> [Task to carry out] Every line below must be reproduced exactly; no pictures are to be included.

> [Given data]
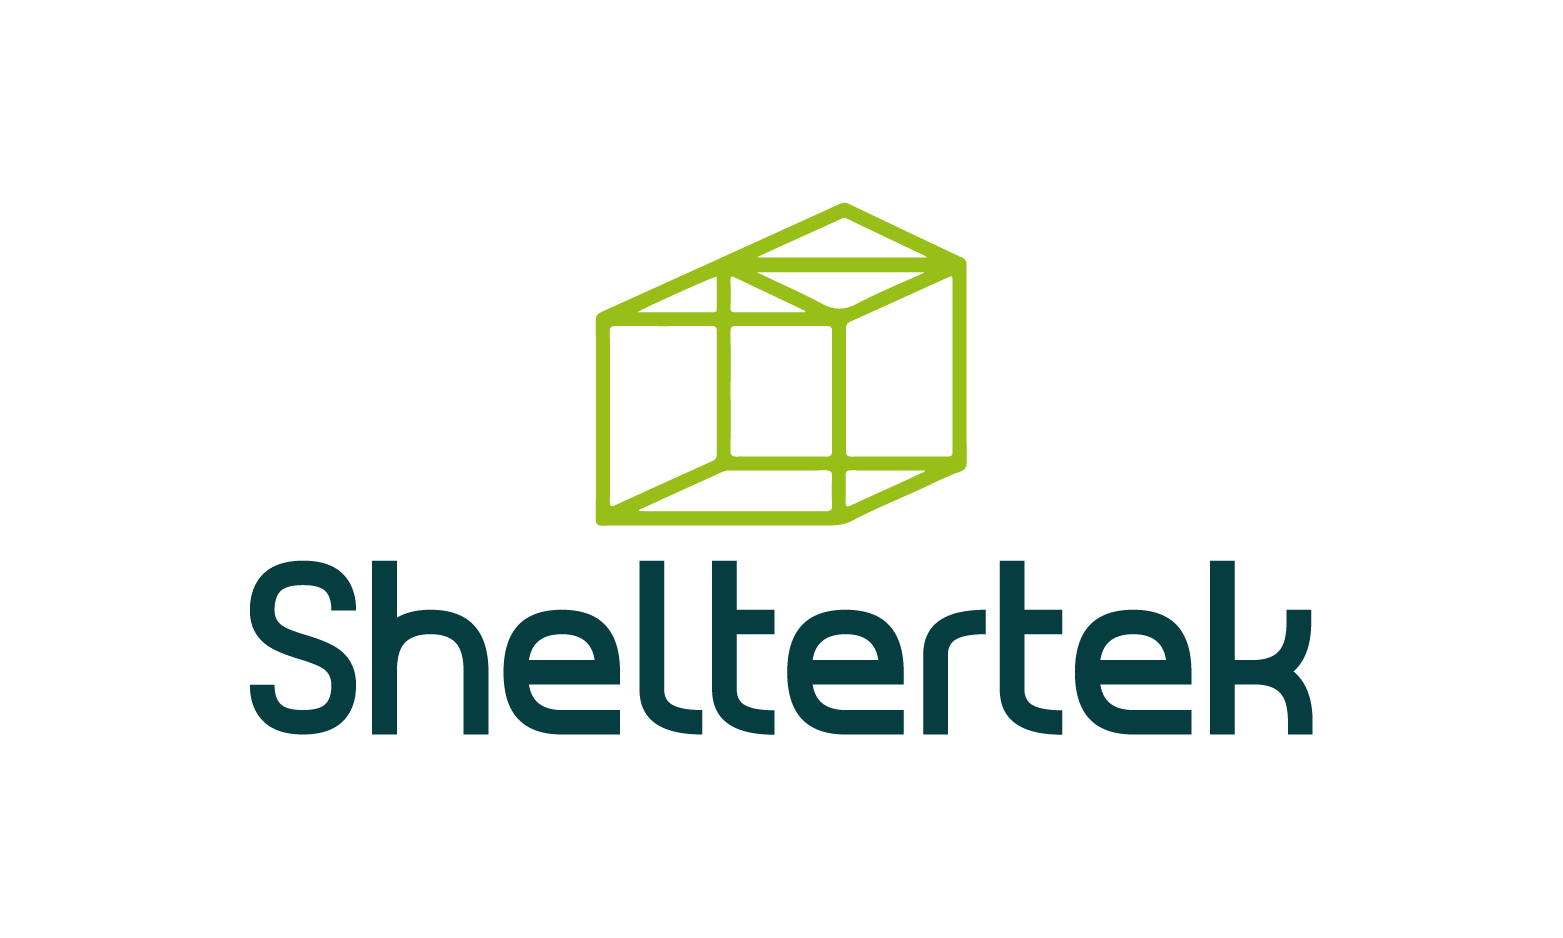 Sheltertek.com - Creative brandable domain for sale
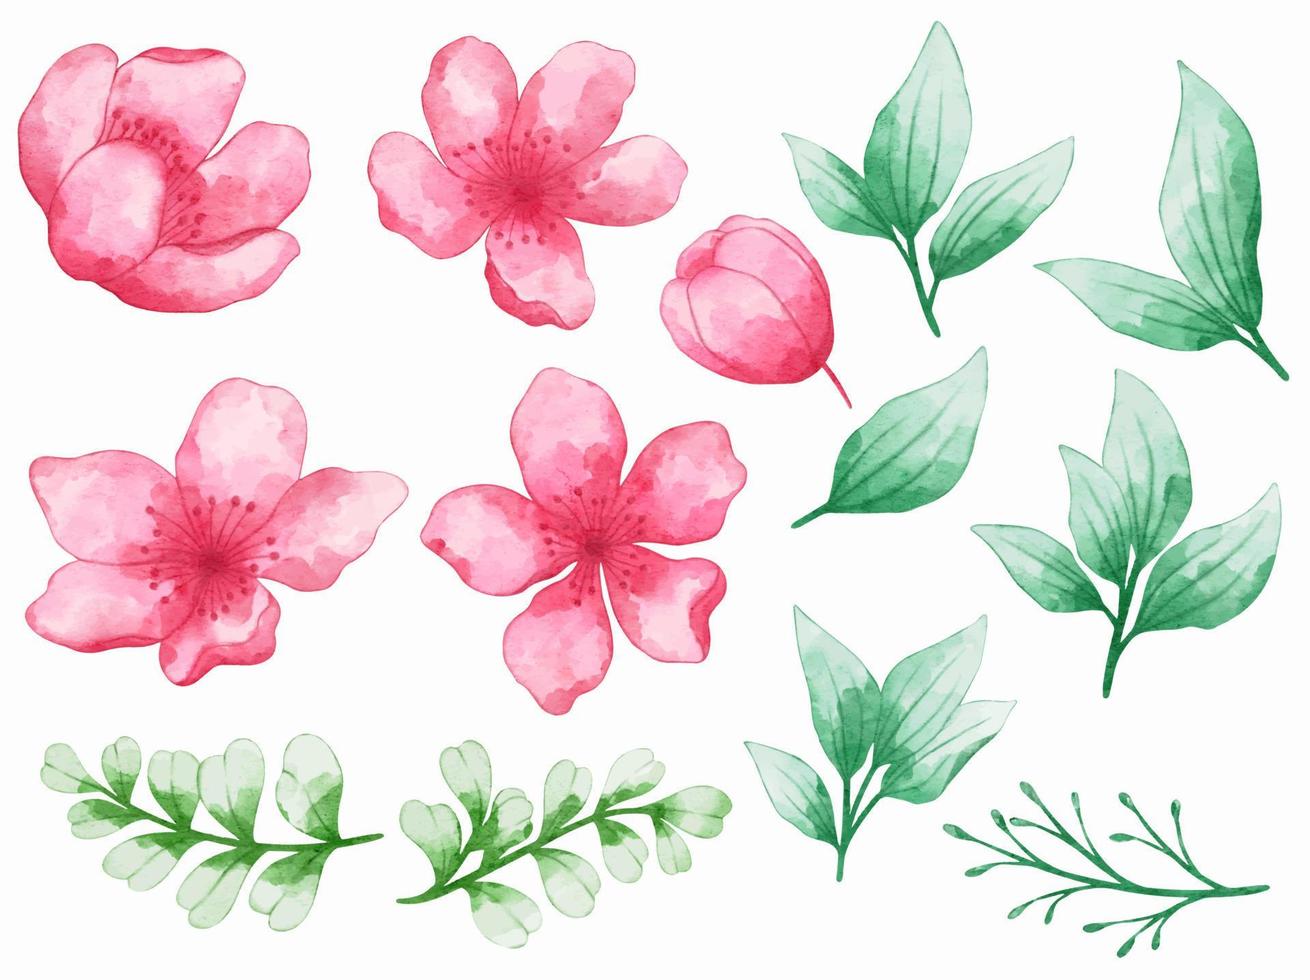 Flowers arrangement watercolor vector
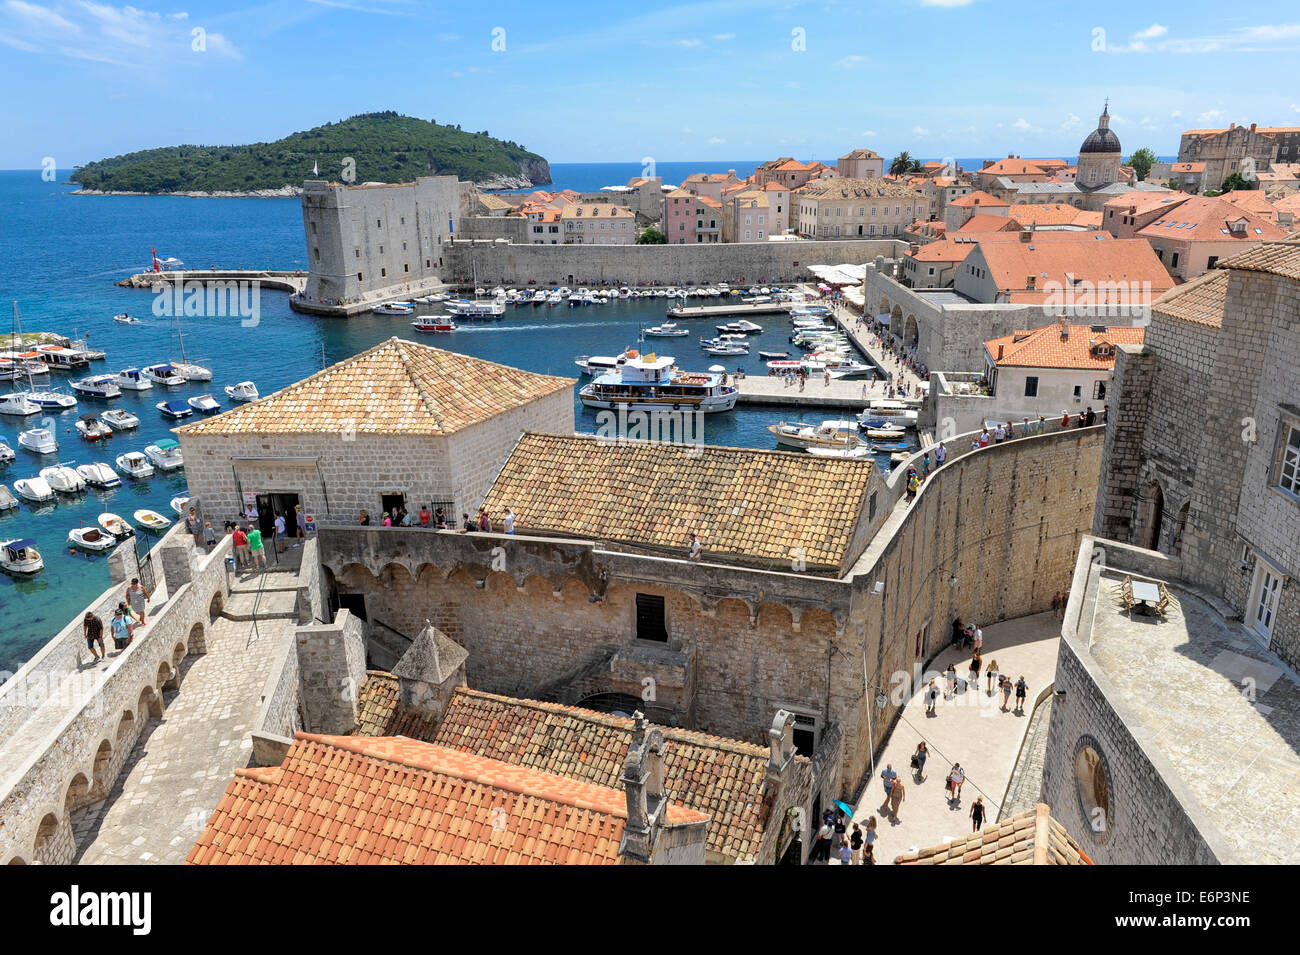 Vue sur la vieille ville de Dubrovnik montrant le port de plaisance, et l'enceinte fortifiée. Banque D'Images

> [Worked solution]
 Sheltertek.com - Creative brandable domain for sale
 Flowers arrangement watercolor vector
 Vue sur la vieille ville de Dubrovnik montrant le port de plaisance, et l'enceinte fortifiée. Banque D'Images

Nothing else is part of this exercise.